Am Ende schaut uns Robert Redford an, zweifelnd, fragend und etwas furchtsam: Haben wir auch alles mitgekriegt? Wissen wir jetzt, was auf dem Spiel steht? Fuer ihn selbst – oder genauer gesagt Joe Turner, den Agenten mit Decknamen Condor‘, den er verkoerpert – scheint kaum noch Hoffnung zu bestehen. Er wird sein Leben lang auf der Flucht sein und bei den maechtigen Gegnern die er hat, wird diese Flucht wohl nicht lange dauern.

Redford spielt einen Buecherwurm in den Diensten der CIA, der eines Tages mittags zu Tisch geht und bei seiner Rueckkehr saemtliche Kollegen im Buero ermordet vorfindet. Er nimmt Kontakt zu den einzigen Menschen auf, die er in New York kennt, seinen Vorgesetzen. Von nun an wird er als Hauptverdaechtiger gejagt, waehrend er eine Verschwoerung in den Reihen der CIA aufdeckt.

Bei Licht betrachtet ist die Story recht konventionell und folgt Hitchcocks sattsam bekannten Thema „ein gewoehnlicher Mann in einer ungewoehnlichen Situation“. Nur dass der Zuschauer hier – anders als bei Hitchcock – genauso im dunkeln tappt wie Redfords Figur.

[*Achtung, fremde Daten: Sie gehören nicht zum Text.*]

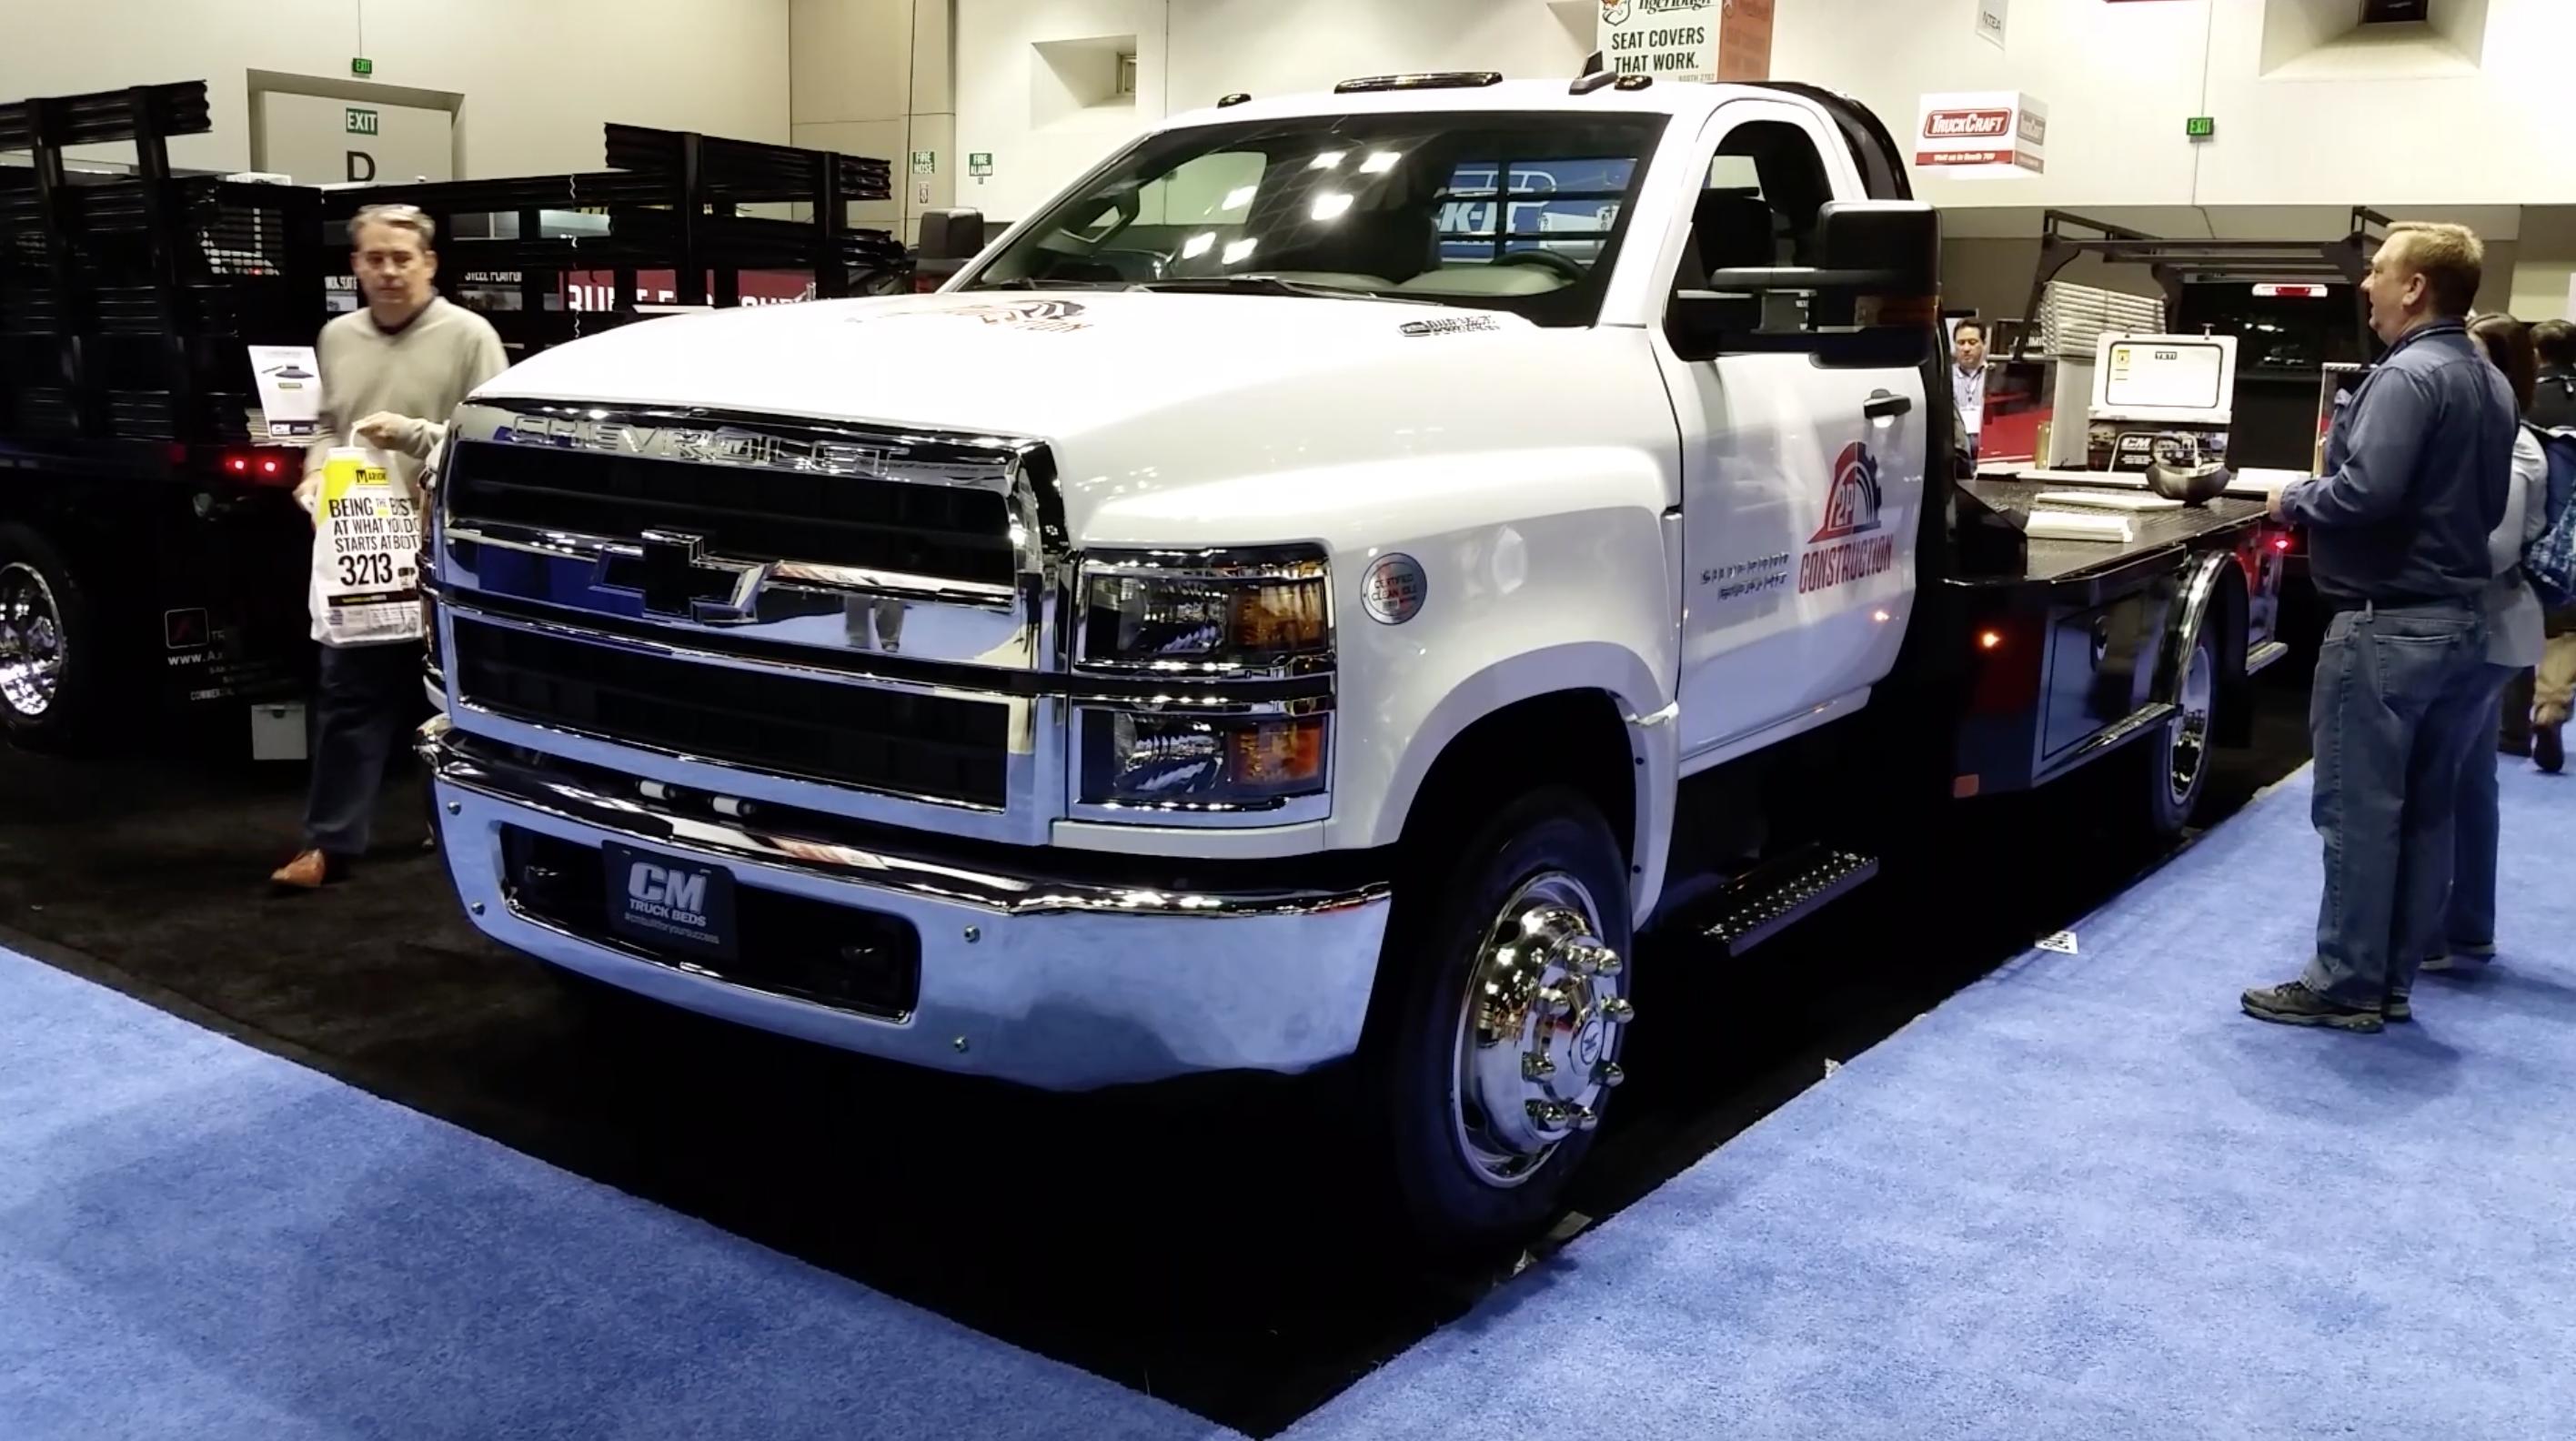 Cm Truck Beds Anticipates High Demand Of 2019 Chevy Silverado Medium Duty Builds Specially Designed Flatbed Medium Duty Work Truck Info

Aus heutiger Sicht erscheint die Aufloesung geradezu prophetisch, zumindest sehr bekannt und plausibel. Was passiert, wenn eine kleine einflussreiche Gruppe Industrieller und privater machtgieriger Interessenten eine geheime Organisation gruendet und die Regierung de facto aushebelt, bzw. hinter ihrem Ruecken die Dinge in die Hand nimmt? Heute, zahlreiche Oliver Stone Filme und Michael Moore Veroeffentlichungen spaeter, sind wir vielleicht schon fast gelangweilt ob solcher Diskussionen. 1975 waren das nationale Selbstbewusstsein und das Vertrauen in die eigene Regierung in den USA auf dem absoluten Tiefpunkt angelangt. Watergate war noch allen taufrisch im Gedaechtnis, Praesident Nixon war gerade erst zurueckgetreten und die CIA war in Erklaerungsnot ob ihrer frisch aufgeflogenen illegalen Operationen in Suedostasien. Dass die Boesen in der eigenen Regierung sassen, konnten nicht einmal die konservativsten Republikaner als linke Verschwoerungstheorie abtun; es war bittere Realitaet, der man ins Auge sehen musste.

Der Film ist mit Sicherheit kein Meisterwerk, er hat einen Haufen Handlungsloecher und Faye Dunaways Figur erwaermt sich fuer meinen Geschmack doch etwas zu fix fuer den Mann, der ihr in ihrer eigenen Wohnung eine Pistole vor die Nase haelt. Robert Redford hin oder her, aber das ist dann doch ein wenig dick aufgetragen. Dennoch ist Three Days Of The Condor ein gelungener Beitrag zum klassischen Paranoia-Kino, in einer Reihe mit Frankenheimers The Manchurian Candidate, Pakulas The Parallax View und Coppoals The Conversation. Und da das Genre ja gerade im dritten Fruehling ist, nicht zuletzt dank Gaghans sehr starkem Beitrag Syriana und dem deutlich schwaecheren aber zumindest zum Nachdenken anregenden V for Vendetta der Wachowski Brueder, lohnt sich das ansehen allemal.

Die Neuauflage der DVD erfreut durch das Original Bildformat 1:2,35, ein restauriertes Bild und guten Ton, und vor allem Sidney Pollacks wie immer unterhaltsamen und interessanten Regiekommentar. (Die Ausgabe der SZ Edition beinhaltet noch die Erstauflage, ohne Regiekommentar und mit nicht restauriertem Bild.)